Hanna placed Garcia in the group working with Heather Ibrahim-Leathers and Global Fund for Widows, a New York–based nonprofit working to economically empower the world’s 350 million widows. Garcia and her teammates helped Ibrahim-Leathers fine-tune the launch of her organization’s new impact investment fund, created to help raise more capital to scale Global Fund for Widows’ microbanks around the world.

“Working with Heather showed me how one person can change the future of entire communities,” Garcia says. “It inspired me to pursue a path that I believed wasn’t possible and gave me the tools to understand how to scale a nonprofit to make it attractive for investors. After this project, I feel empowered to help underserved women in the United States improve their financial access.”

Garcia created the venture Pre$tanda, a digital platform that provides educational resources and microloans in the form of lending circles to Latin American women business owners. The platform is based on a “tanda,” a rotating savings and credit association model trusted among Latin American communities.

“Everyone pays in, and everyone gets a payout as a loan,” Garcia says. “It’s kind of like jump-starting these businesses in the loan world. I’ve had this idea for such a long time, but I didn’t know where to start. The course gave me a lot of structure.”

She hopes to run pilot programs in Chicago with minority-owned businesses over the next six months. Ultimately, Garcia envisions that businesses working with Pre$tanda will use the experience to get larger loans from banks.

“Once we tap into our sense of purpose, become proximate to the problems we care about, and start cocreating with the communities we seek to empower, amazing things can happen.”

— Andrew Hanna

Tackling Discrimination in Maternal Care

Laurene Omukag headshot
Laurene Amoit

Garcia’s classmate, Full-Time MBA student Laurene Amoit, worked with Native Renewables, which installs off-grid solar and battery storage for Indigenous homes that have no access to electricity. Based in Flagstaff, Arizona, the social venture has powered nearly 80 Hopi and Navajo homes with solar to date.

Amoit and her teammates worked with Native Renewables founder Suzanne Singer to rethink and streamline the venture’s operations to deliver off-grid solar energy to Native families in the United States in a more cost-effective way.

Weekly course exercises as well as mentorship from Singer gave Amoit the tools she needed to create her own venture supporting underserved communities. Matricare is a platform that matches Black, American Indian, and Alaska Native women with maternal healthcare professionals of color throughout their pregnancy. The goal is to reduce discrimination and ensure women’s voices are better heard by providers they trust.

Amoit grew up in Kenya, where approximately 7,700 women die each year from pregnancy-related complications, according to the Center for Global Health and Development.

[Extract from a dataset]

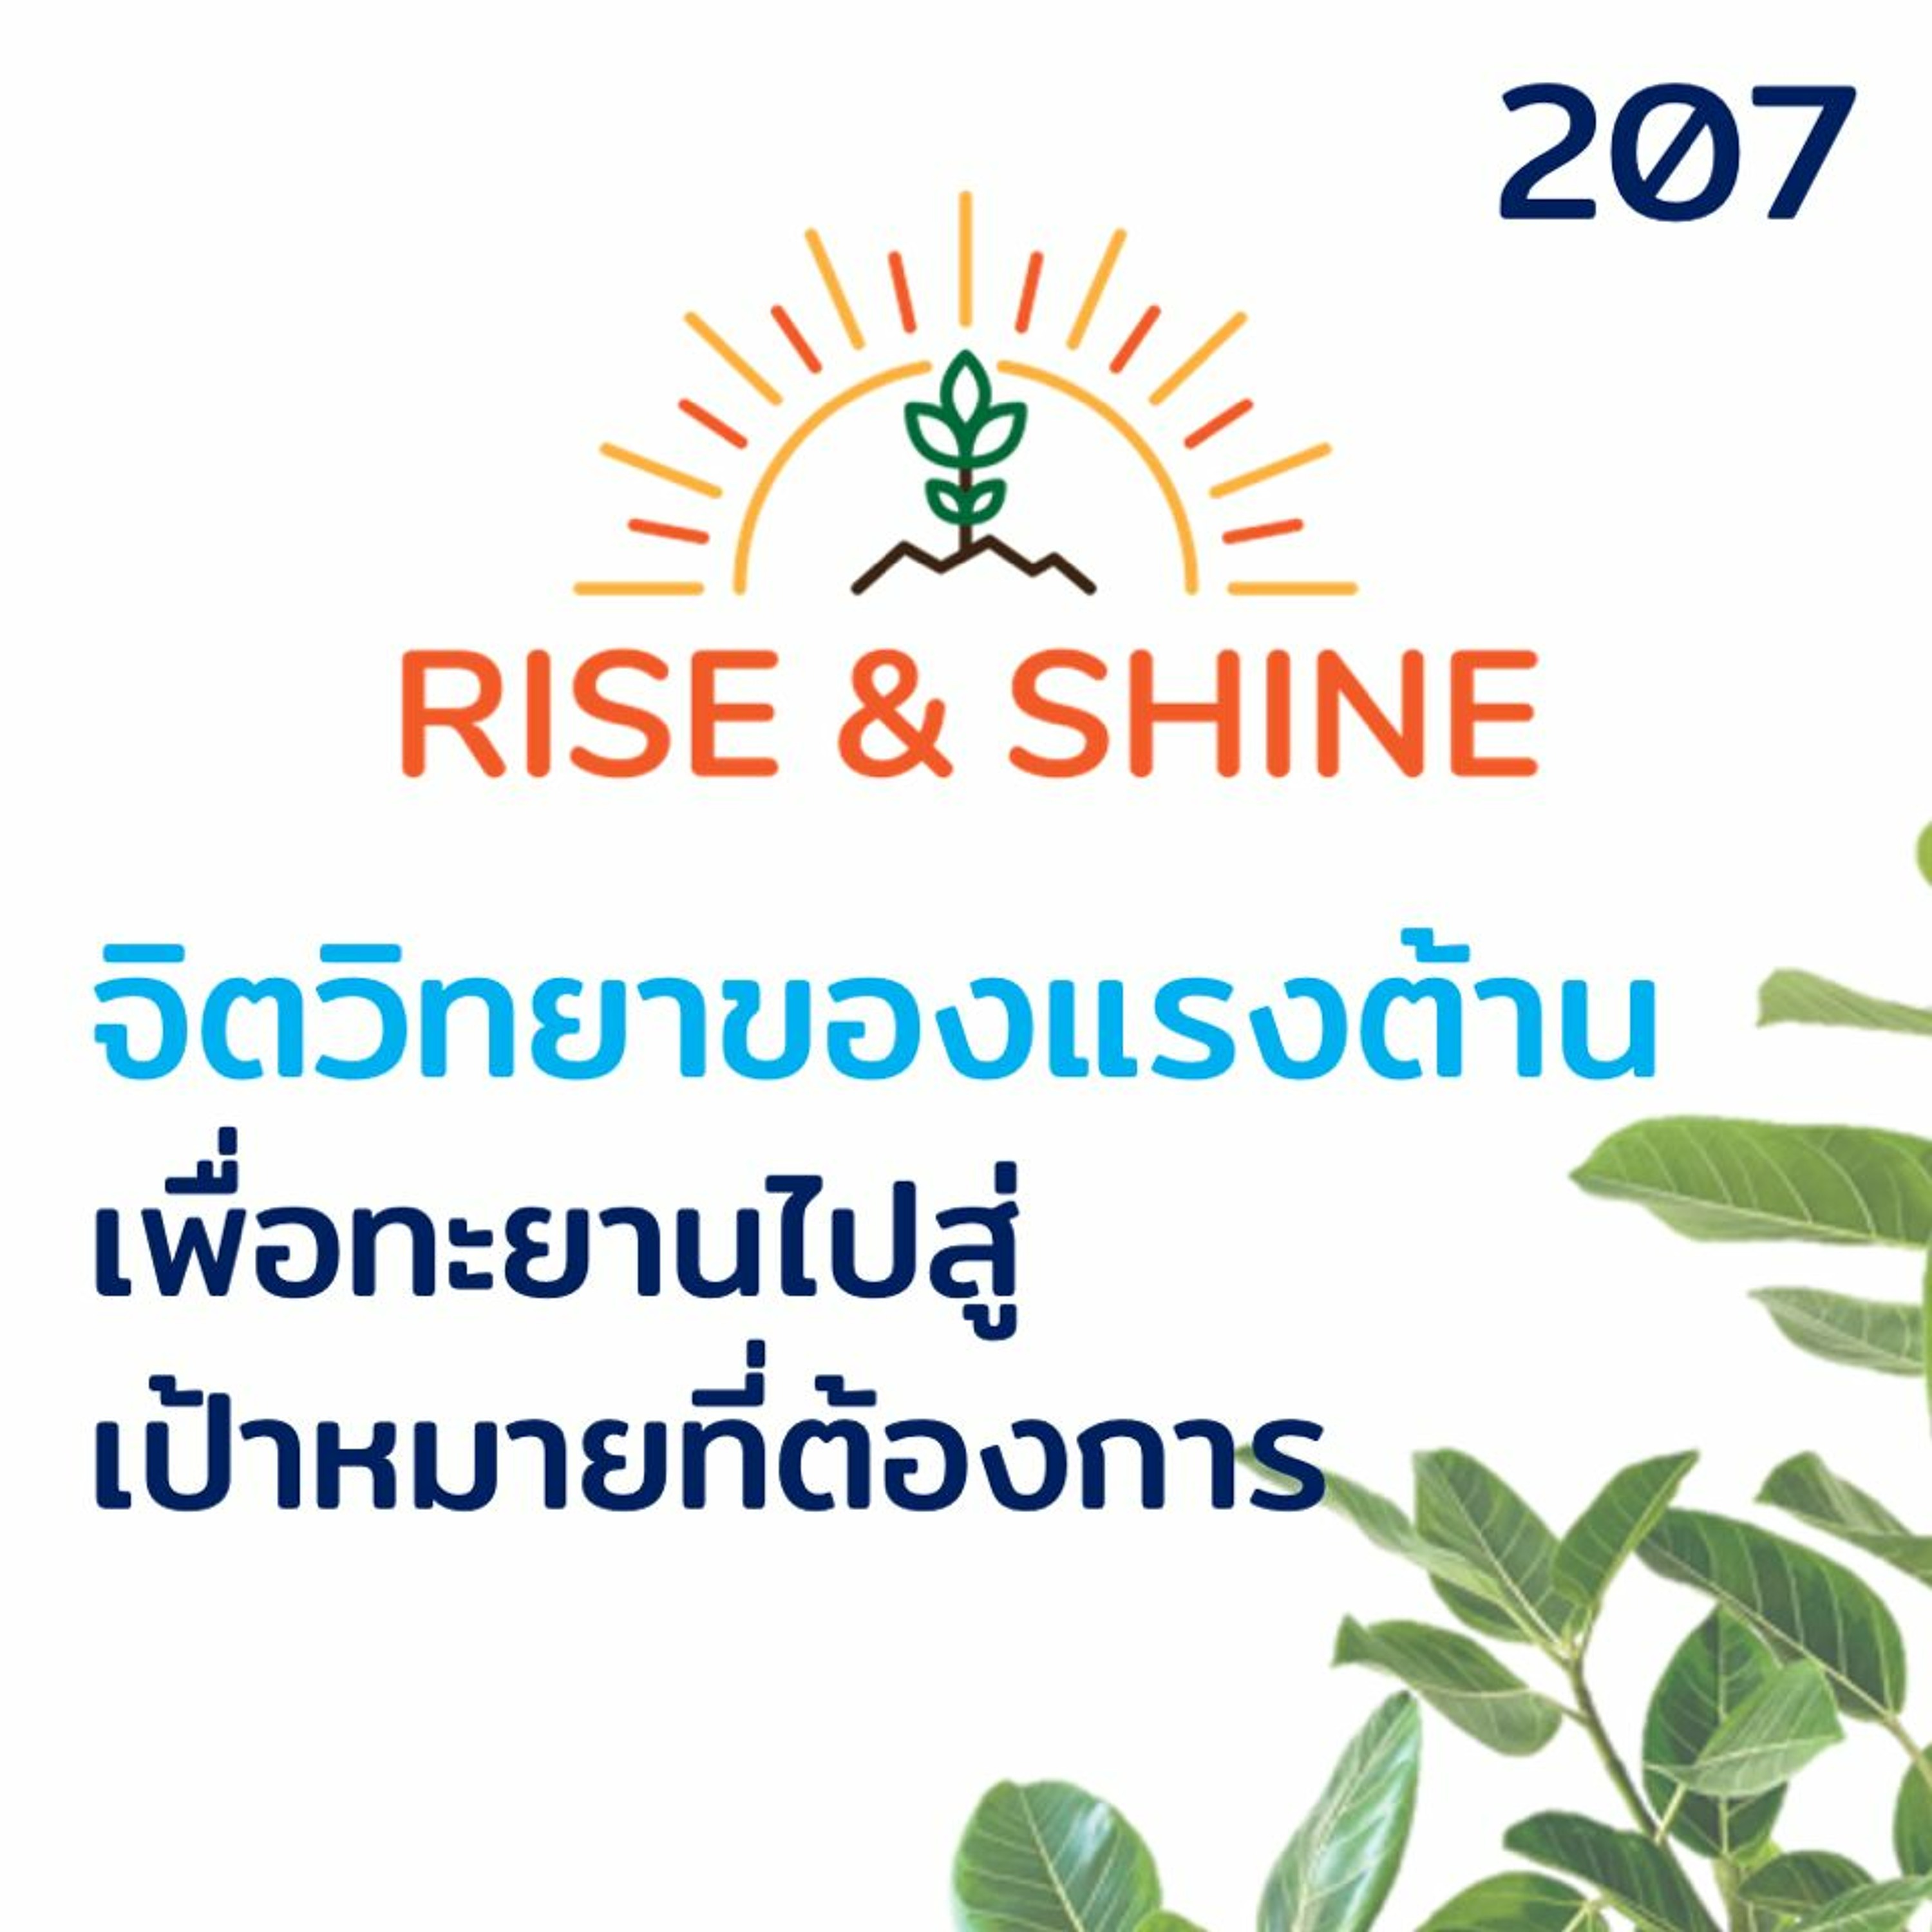 Rise & Shine 207 จิตวิทยาของแรงต้าน เพื่อทะยานไปสู่เป้าหมายที่ต้องการ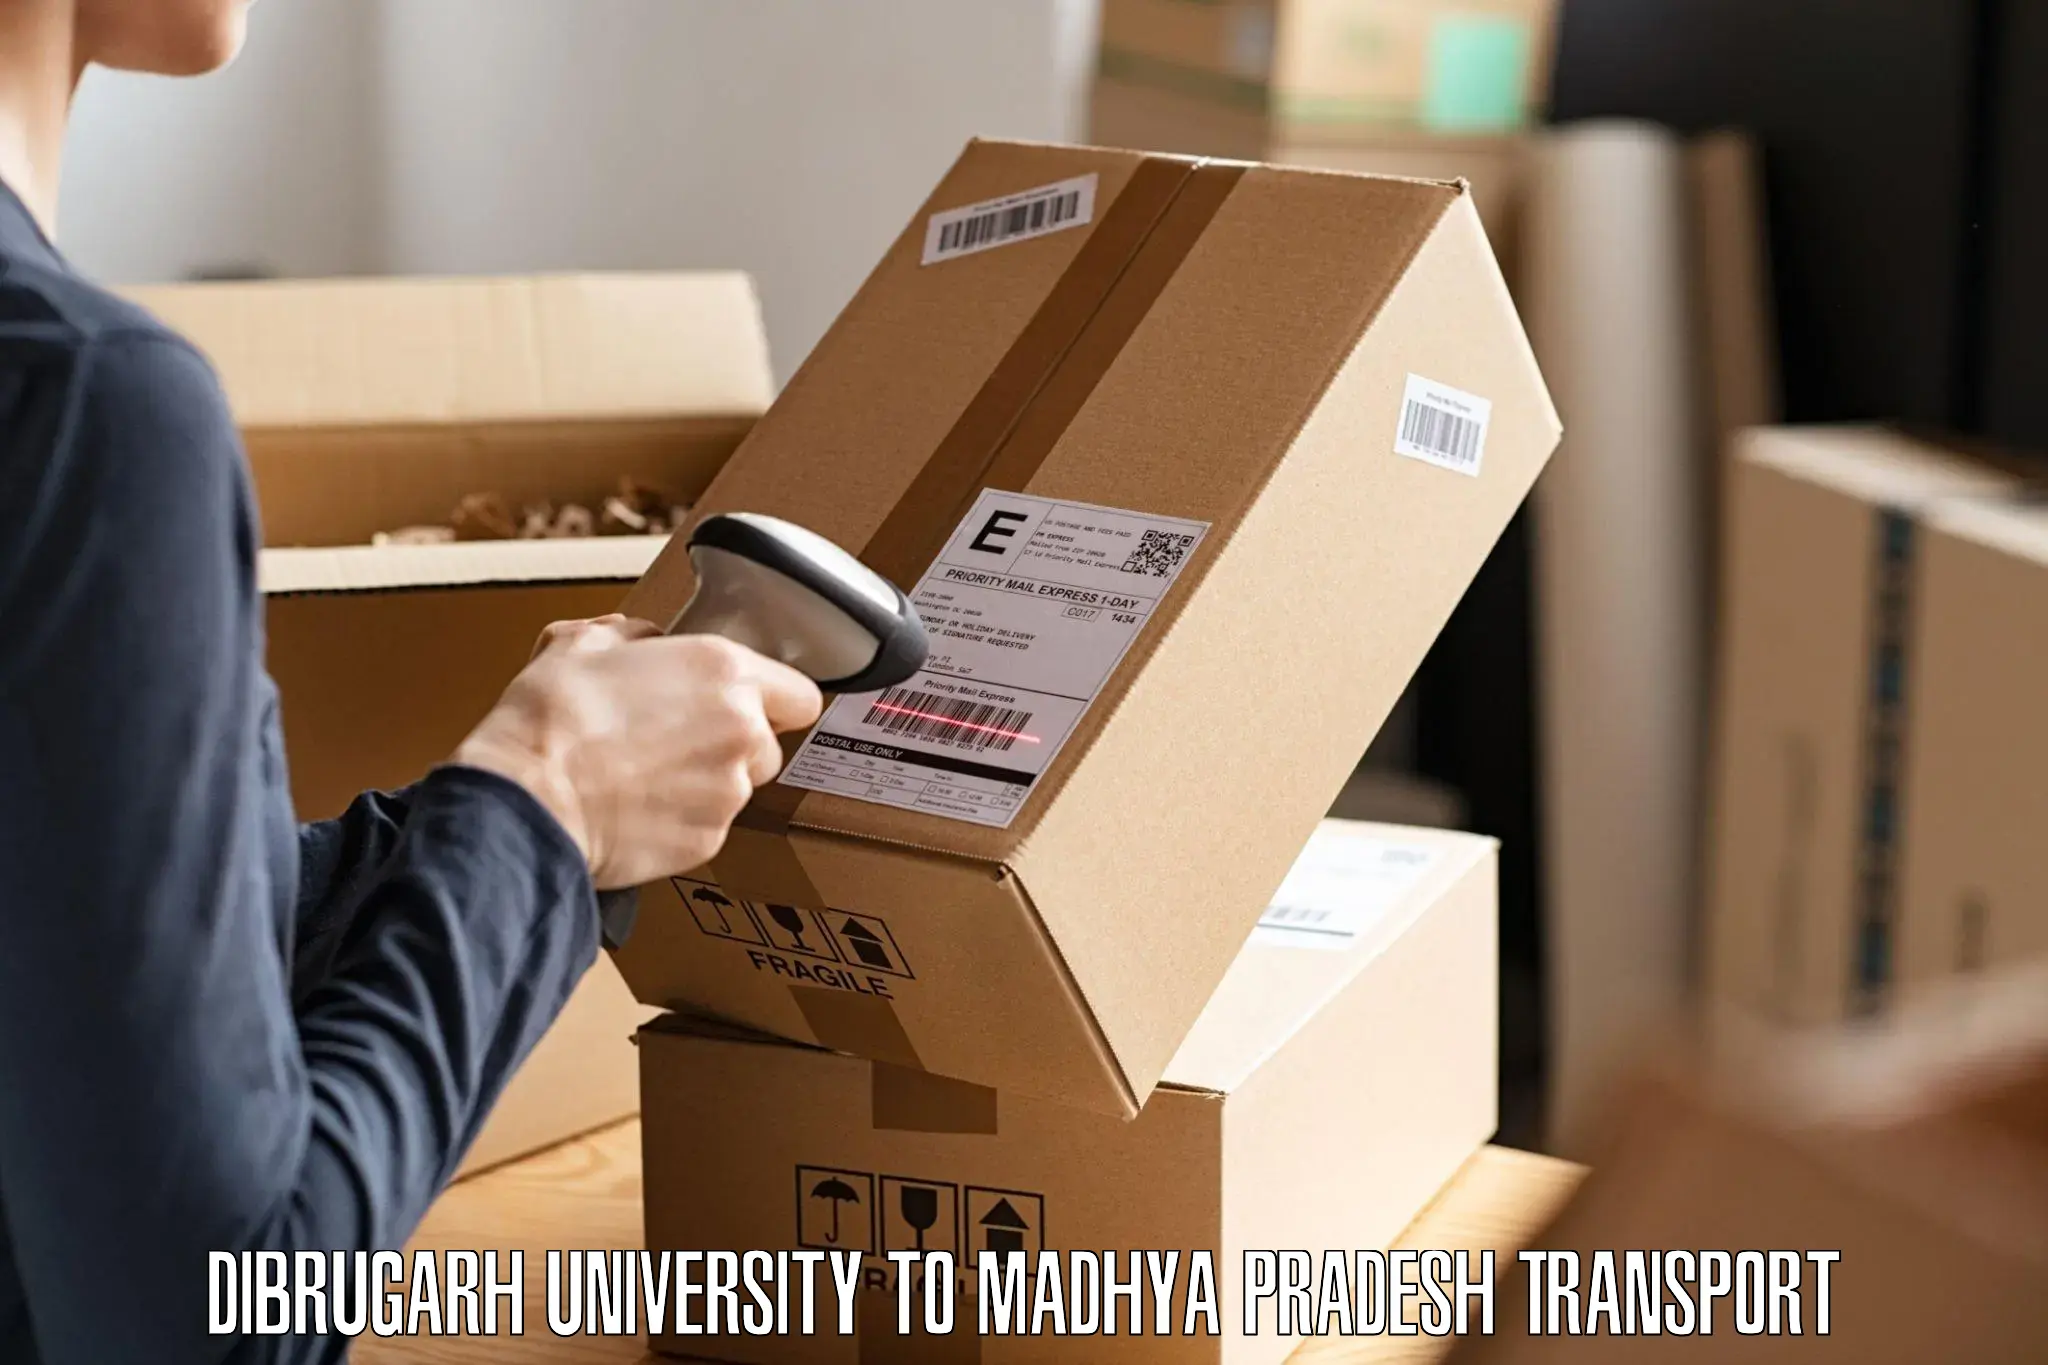 Pick up transport service Dibrugarh University to Ashoknagar

The problem is also significant in the US, where the CDC estimates Black women are three times more likely to die from pregnancy-related causes than white women.

“The biggest thing is not being believed when you say ‘I’m experiencing pain,’” says Amoit, who previously cofounded MamaTips, a Kenya-based maternal healthcare company. “Pregnancy is a very intimate thing, with ups and downs, and you want to feel like you’re very comfortable with your team.”

Course guest speaker Nasser Diallo, founder of Clinic+O—which brings primary-care services to low-income communities in Guinea—got Amoit thinking about how Matricare could translate to Africa. “He opened my eyes,” she says. “Entrepreneurship is not necessarily geographically bound.”

Amoit is continuing to work through the logistics of her own endeavor and researching medical privacy requirements. It’s work she’s better prepared for following lessons and guidance from Diallo, Singer, Professor Hanna, and her classmates.

“I highly recommend this course for anyone interested in social entrepreneurship,” Amoit says. “It’s a great chance for you to meet a lot of like-minded people who are interested in contributing to good in the world.”